Sponsored content from Broadcom
As an entry point for almost all cyberthreats, your network stack security is incredibly important; however, this key area of security is often overlooked for mainframes because they are considered “secure-by-design”. This thinking can be dangerous as today’s hybrid cloud applications, mobile computing, and e-commerce depend on the mainframe to be a connected and essential component of the network. Security strategies cannot be siloed by platform because every app is a hybrid app, crossing multiple systems and networks; a holistic infrastructure-wide view is needed that is inclusive of the mainframe. Hybrid IT computing makes mainframes more vulnerable than ever before because of all the new network connections that allow them to power the digital economy. As such, your mainframe needs to be protected like every other connected server.
There is a sense that mainframes are inherently secure, and what often ends up happening is the mainframe becomes an afterthought when defining security strategies, with the focus placed on other more vulnerable areas. However, in today's threat landscape, you cannot ignore the importance of protecting your mainframe as a major component of your data center. Hackers are continually probing for security flaws, ransomware is rampant, and data breaches seem to occur almost every day. A layered and integrated approach to network security management and monitoring is needed. A security strategy that is inclusive of the mainframe and continuously monitored end-to-end is critical so that you can quickly adjust as new threats evolve.
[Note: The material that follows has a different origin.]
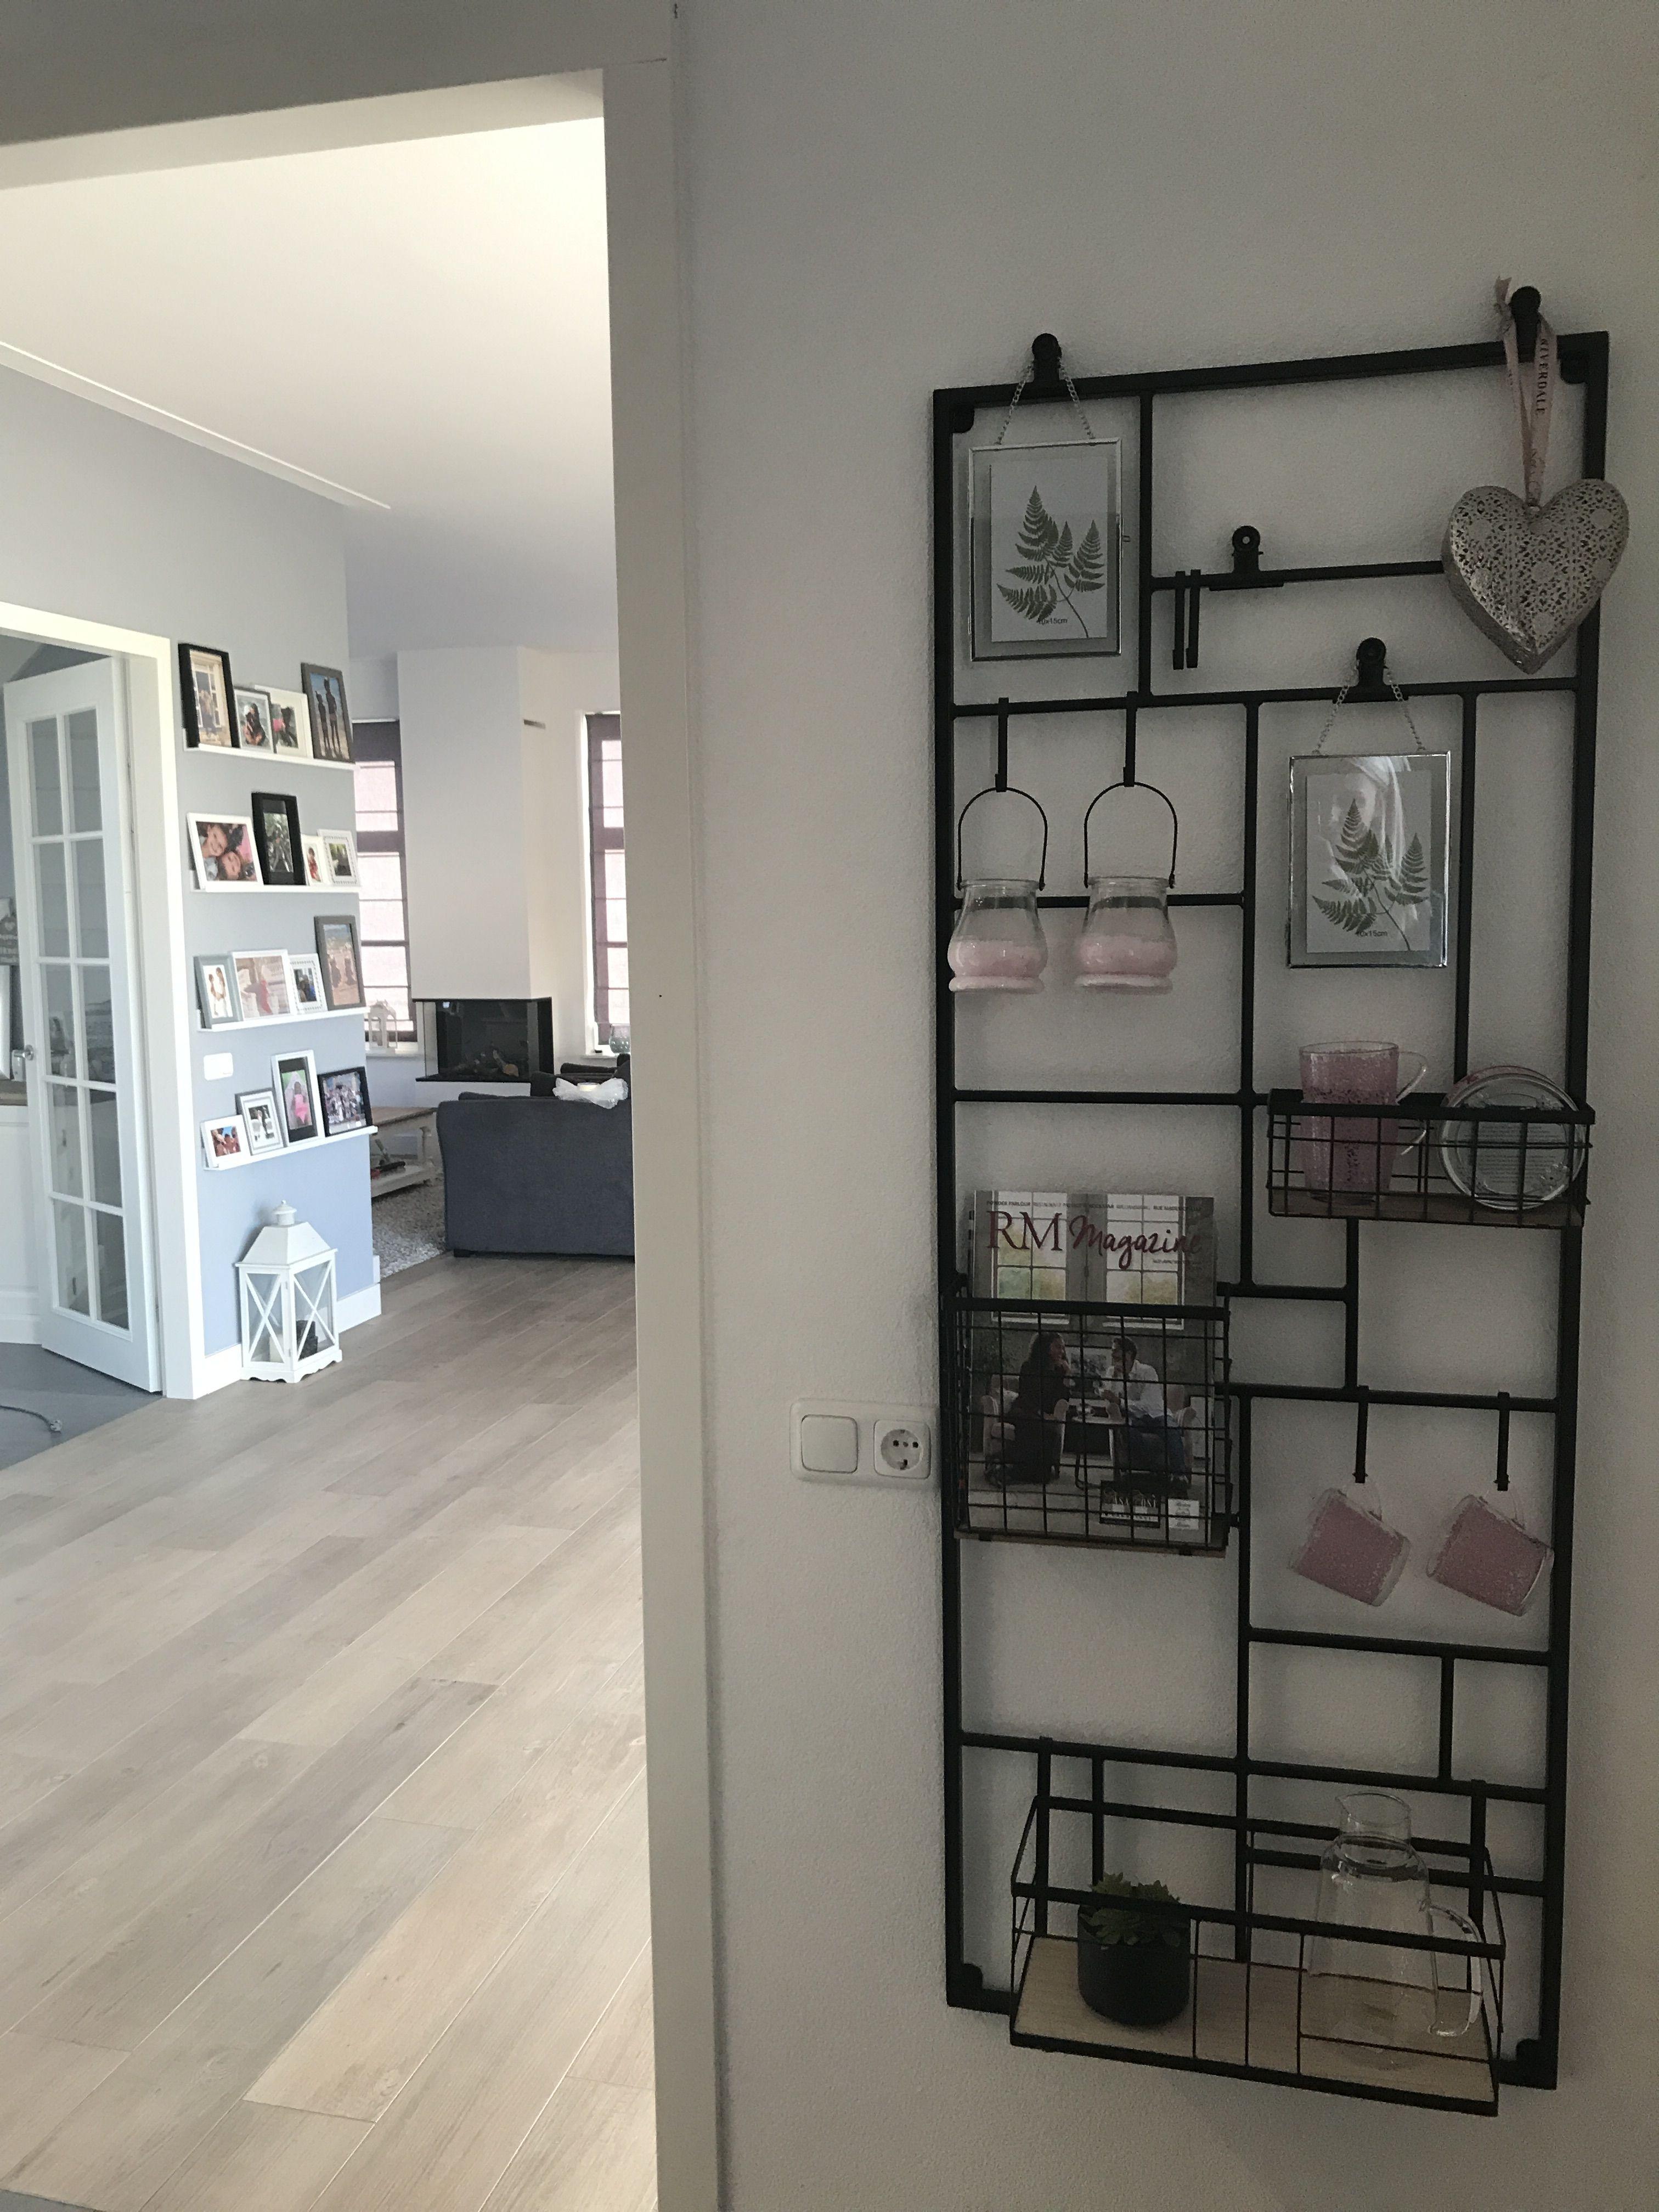 Ikea Rek Slaapkamerideeen Thuisdecoratie Huis Ideeen

Modern Mainframes need Modern Network Security
Mainframes are designed with security features that are deeply integrated into the hardware and software. Mainframe features and capabilities for security and compliance include: multi-factor authentication, encryption, system authorization facilities, and systems management facilities. There are also network management tools, like NetMaster™ Network Intelligence, which provide network security insights about network connections and how applications are being used.
Strategies such as network monitoring and intelligence, zero trust, identity and access management, and cyber resiliency are imperative in today’s modern network. Most importantly, your mainframe needs to be included in your security operation center (SOC). A modern approach to network security is needed to avoid your Protect Surface — the most crucial data and apps normally residing on the mainframe — from becoming a blind spot in your security operations.
As infrastructure modernization and hybrid apps bring more network connectivity to the mainframe, you should closely manage your mainframe’s network activity. Since all software has vulnerabilities that could possibly be exploited, you need to be vigilant in detecting malicious activity. This can be done by ingesting mainframe logs into the SOC and proactively monitoring the mainframe network traffic. Hackers can gain access to mainframe systems through any weak spot in the security infrastructure and take advantage of configurations and gaps to bypass security controls. Let's take a closer look at some of the top network security vulnerabilities in mainframes.
Mainframe Network Security Vulnerabilities
1. Unsecure applications
Applications with insufficient security or vulnerabilities that enable authentication to be bypassed or unauthorized code to be executed can put your mainframe at risk. Scanning applications for vulnerabilities and looking for indicators in network traffic can help find vulnerable applications.
2. Missing fixes
Software that has not been updated to fix critical vulnerabilities and exposures also creates risk. Hackers quickly develop exploits and scan networks for known vulnerabilities. Missing patches make mainframes susceptible to these attacks; over time the threat becomes greater that attackers will gain access to unauthorized data. Continuous monitoring identifies vulnerable software and notifies when patches are available.
3. Unencrypted protocols
Unencrypted protocols enable hackers to see data in transit. Some installations still use unencrypted protocols such as telnet, FTP, and HTTP, all of which allow a network snooper to see sensitive data, including usernames and passwords. NetMaster Network Intelligence can report unencrypted and unsecure protocols used on the mainframe.
4. Server security misconfiguration
Misconfigured servers and certificates allow hackers to bypass security controls and break data security protocols. Regular scanning of network servers and monitoring of network protocols can detect misconfigured servers.
5. Lack of network segregation
Improper access to network resources can allow hackers to see mainframe data. Having specific network segments for different purposes and keeping inter-connectivity on a ‘need-to-access’ basis can limit access privileges to those who truly need it. Network segregation protects the network from widespread cyberattacks by isolating systems. Monitoring for unauthorized network connections identifies improperly or misconfigured network segments.
Modern SOCs are able to detect many of these vulnerabilities through centralized network monitoring, scanning, and system log auditing. Mainframes have all the software necessary to integrate into your SOC, Security Information Event Management (SIEM) system, and Zero Trust strategy, enabling you to detect and respond to security incidents with increased efficiency and high accuracy.
Security and compliance are more important than ever and the mainframe remains essential to the always-on digital economy. Therefore, organizations need to change the way they think about mainframe security and take a modern approach to protecting their mainframe network. As an integrated part of hybrid IT and the enterprise data center, the mainframe should no longer be perceived as a “walled garden.” Modern SOCs can reduce the risk associated with hybrid applications that are critical to top retailers, banks, airlines, and other industries. While mobile computing devices, the web, and cloud computing systems often drive the “sexy” apps you see when you use your phone or laptop, the high security, reliability, availability, and powerful processing of mainframes are the backbone of business. Without mainframe systems processing transactions and performing database queries, the global economy would come to a halt.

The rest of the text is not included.